The death of Stanley Mitchell is a great loss to the world of intellect and poetry, most especially to English-speakers' understanding of Russian literature. It is also a sad event in the history of Essex University, in whose early development Stanley was so creative a participant.
In October 1965 Stanley Mitchell became the first lecturer in Russian literature at the new University of Essex, where Russian studies were being established as one of the University's central projects. Its Department of Literature (founded and chaired by the poet and critic Donald Davie) opened with an exceptionally inspiring scheme of studies: each student studied not only English literature but also, with strong emphasis on comparison, the literature of Russia or Latin America or North America. All this made for vigorous continuing debate. Stanley was well attuned to the spirit of innovation and debate, of re-thinking and replacing of old structures, which characterised the School of Comparative Studies (to which 'Literature' belonged). The interest in comparing one literature with another – in seeking, for example, analogues to Pushkin or Dostoevsky among English writers – was strongly his own interest, too, as indeed was our other main question of that time: what is the 'literary'; what makes us call something 'poetry'?
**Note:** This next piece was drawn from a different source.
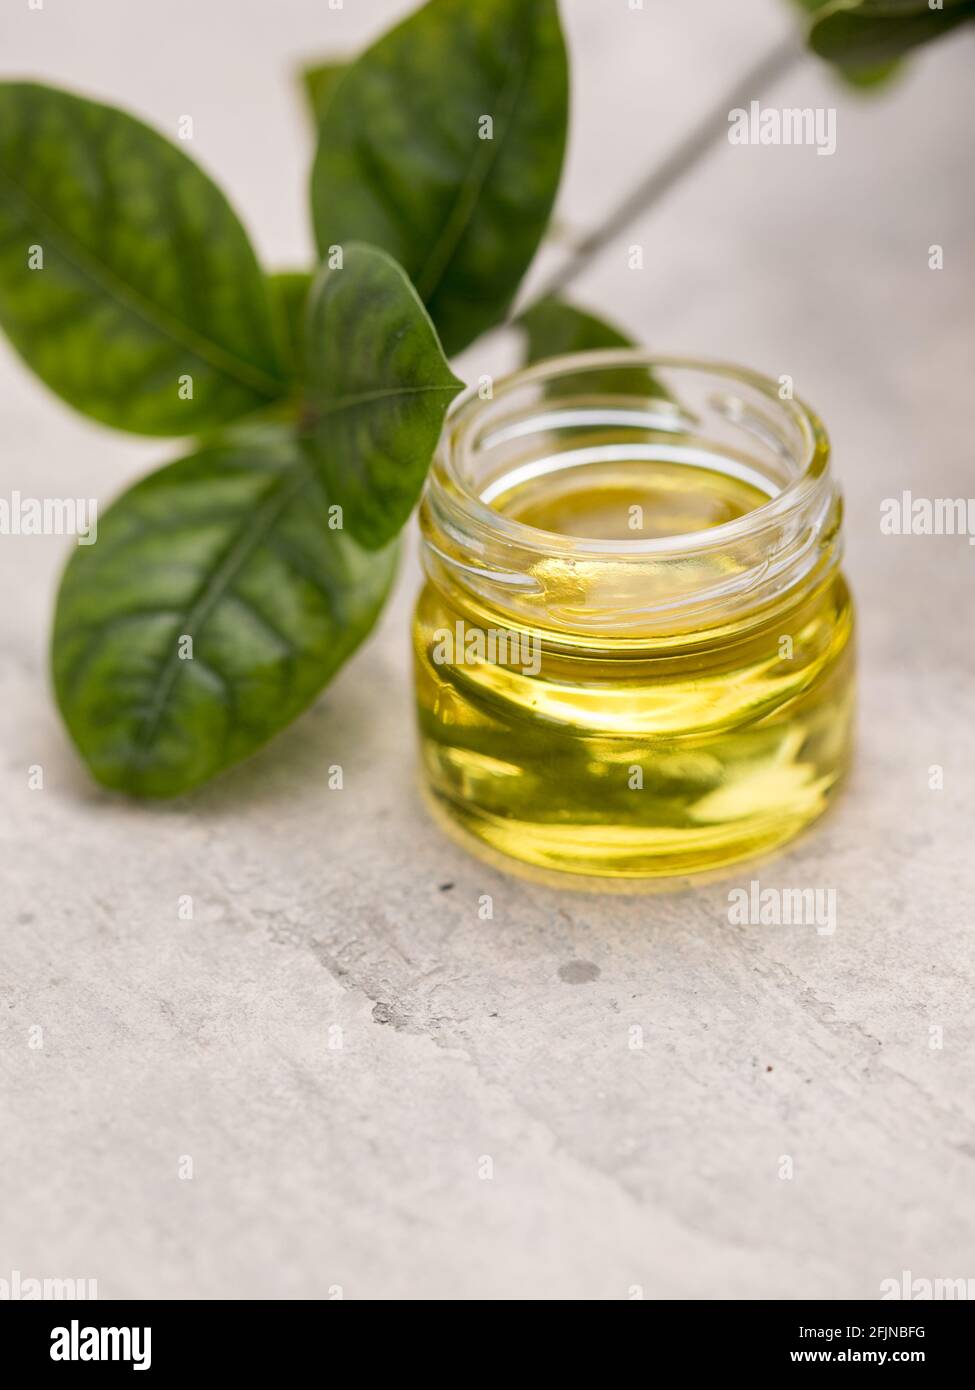 glass bottle of essential bay laurel oil with daphne leaves. Healthy lifestyle spa, therapy concept. Stock Photo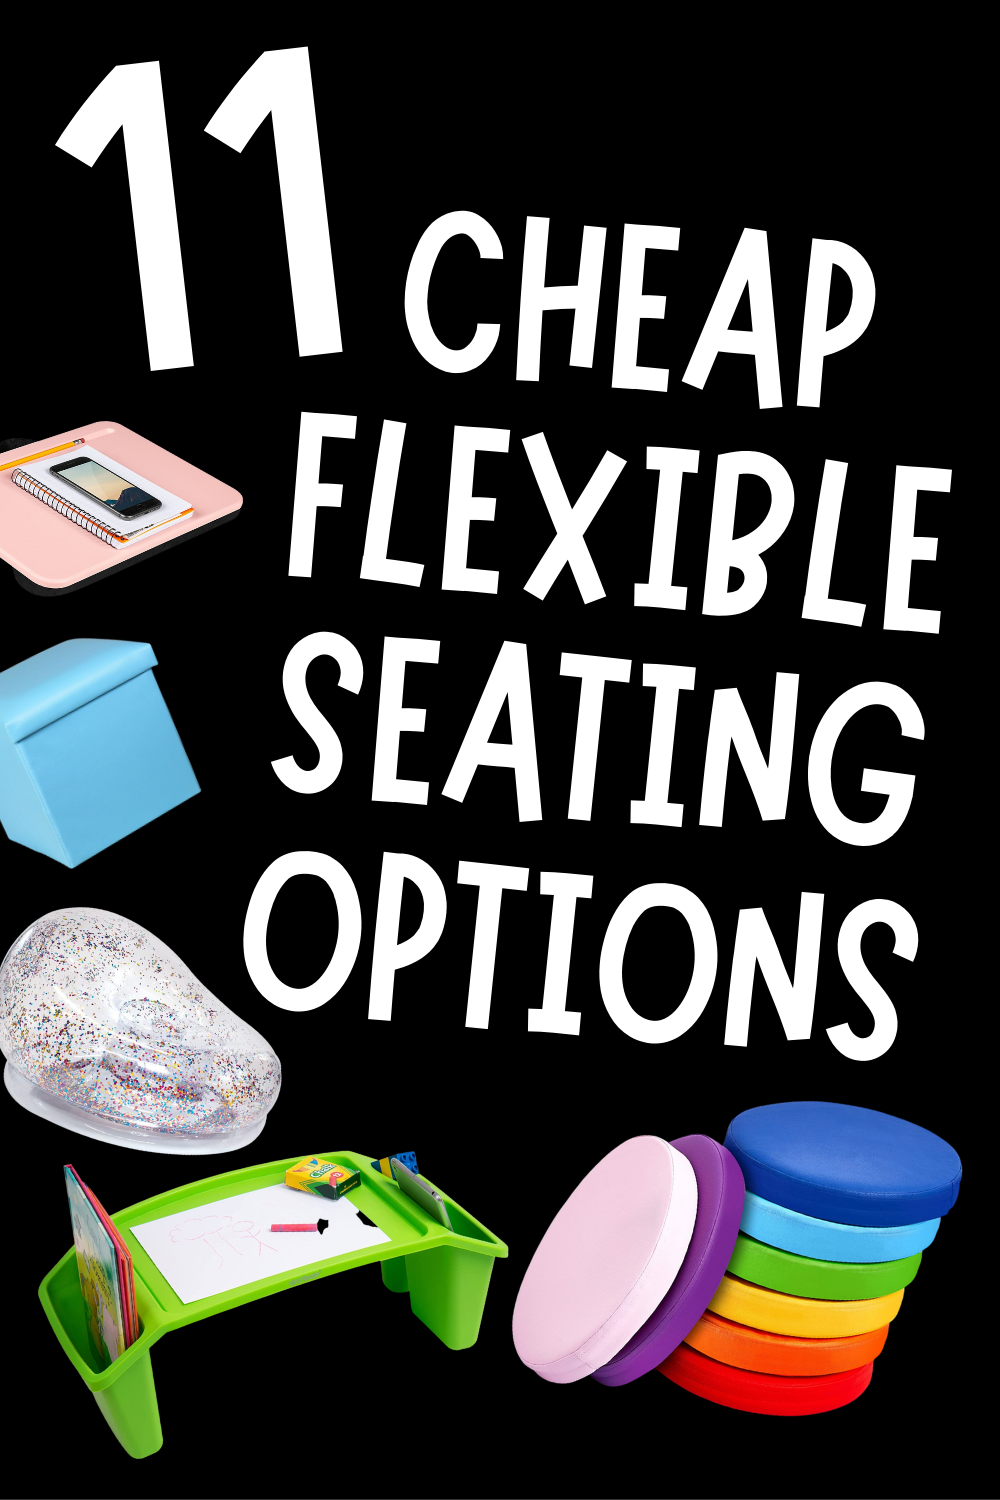 11 Cheap Flexible Seating Options

Stanley was a dedicated and enthusiastic teacher. Joining the Department in 1966 and working alongside him until his resignation in 1975, I saw how constantly he encouraged students to appreciate beauty, and to think, inquire, judge. These forty-five years later I phoned, out of the blue, someone who had been a student of ours in 1967, Mervyn Barker (now a retired English literature teacher), and asked what he remembered of Stanley. Mervyn recalled presenting a seminar paper, to which Stanley had responded by actually clapping his hands in delight at its provocative argument; from that response the young student had gained a self-confidence which lasted throughout his career.
Innovation was of the essence of the University in those years and Stanley was particularly active in devising and teaching new schemes of study, both in the Department and in the School. He was a major contributor to the all-important first-year course on the Enlightenment (one of Essex's particular successes); as well as in establishing two MA schemes – the MA in Sociology of Literature, which attracted many celebrated writers as guest lecturers, and the MA in Literary Translation, which ran, highly productively, for some thirty years: both these graduate schemes enhanced the Department's fame. Stanley was very much a founding father of the Department of Literature.
As well as a remarkable scholar, Stanley was a convivial companion and a great friend, even if sometimes uncomfortably challenging. His wit could take thespian forms, as when once, under 'AOB' at a department gathering, he offered to play us a rare recording he had had the great luck to acquire – the voice of a now aged Russian futurist speaking in broken English about his revolutionary ideas of half a century ago. We listened to it, gripped by the typically Russian-poetic voice of the futurist: deep and gruff, impassioned by ideas, indescribably melancholy. Only later did Stanley confess that he had made the recording himself.
Stanley Mitchell's main love in Russian literature had always been for the prose and poetry of Alexander Pushkin (1799-1837). Above all, he wanted to produce a translation of Pushkin's greatest oeuvre, the 'novel-in-verse', Evgeny Onegin – a translation which would be far better than any of those yet published. In 1966, he and Donald Davie started a series of seminars devoted to translating Onegin: the faults of the existing translations were thoroughly identified, while Pushkin's verse patterns, his varying style, intonations – everything that made his achievement unique – were examined and described. When the seminars ceased, the rest of us moved away into other research preoccupations, but Stanley kept the Onegin project alive, until – in 2008 (after many travels and some career changes) – he published, in Penguin Classics, his completed translation: Eugene Onegin, all of Pushkin's nine-plus-one chapters, the nearly 6,000 lines of strictly regulated, endlessly vibrant, poetry, at last in wonderfully Pushkinian English. A year ago he came back to Essex and gave an inspiring talk about the problems and exhilaration of translating Pushkin, and up to the day he died he was engaged in translating another great work of Pushkin's, The Bronze Horseman. That must remain a loss to us, but his Onegin has met with widespread acclaim and is praised by critics as indeed the best translation of that work. Thus Stanley Mitchell fulfilled the ambition born in the first years of the life of Essex University.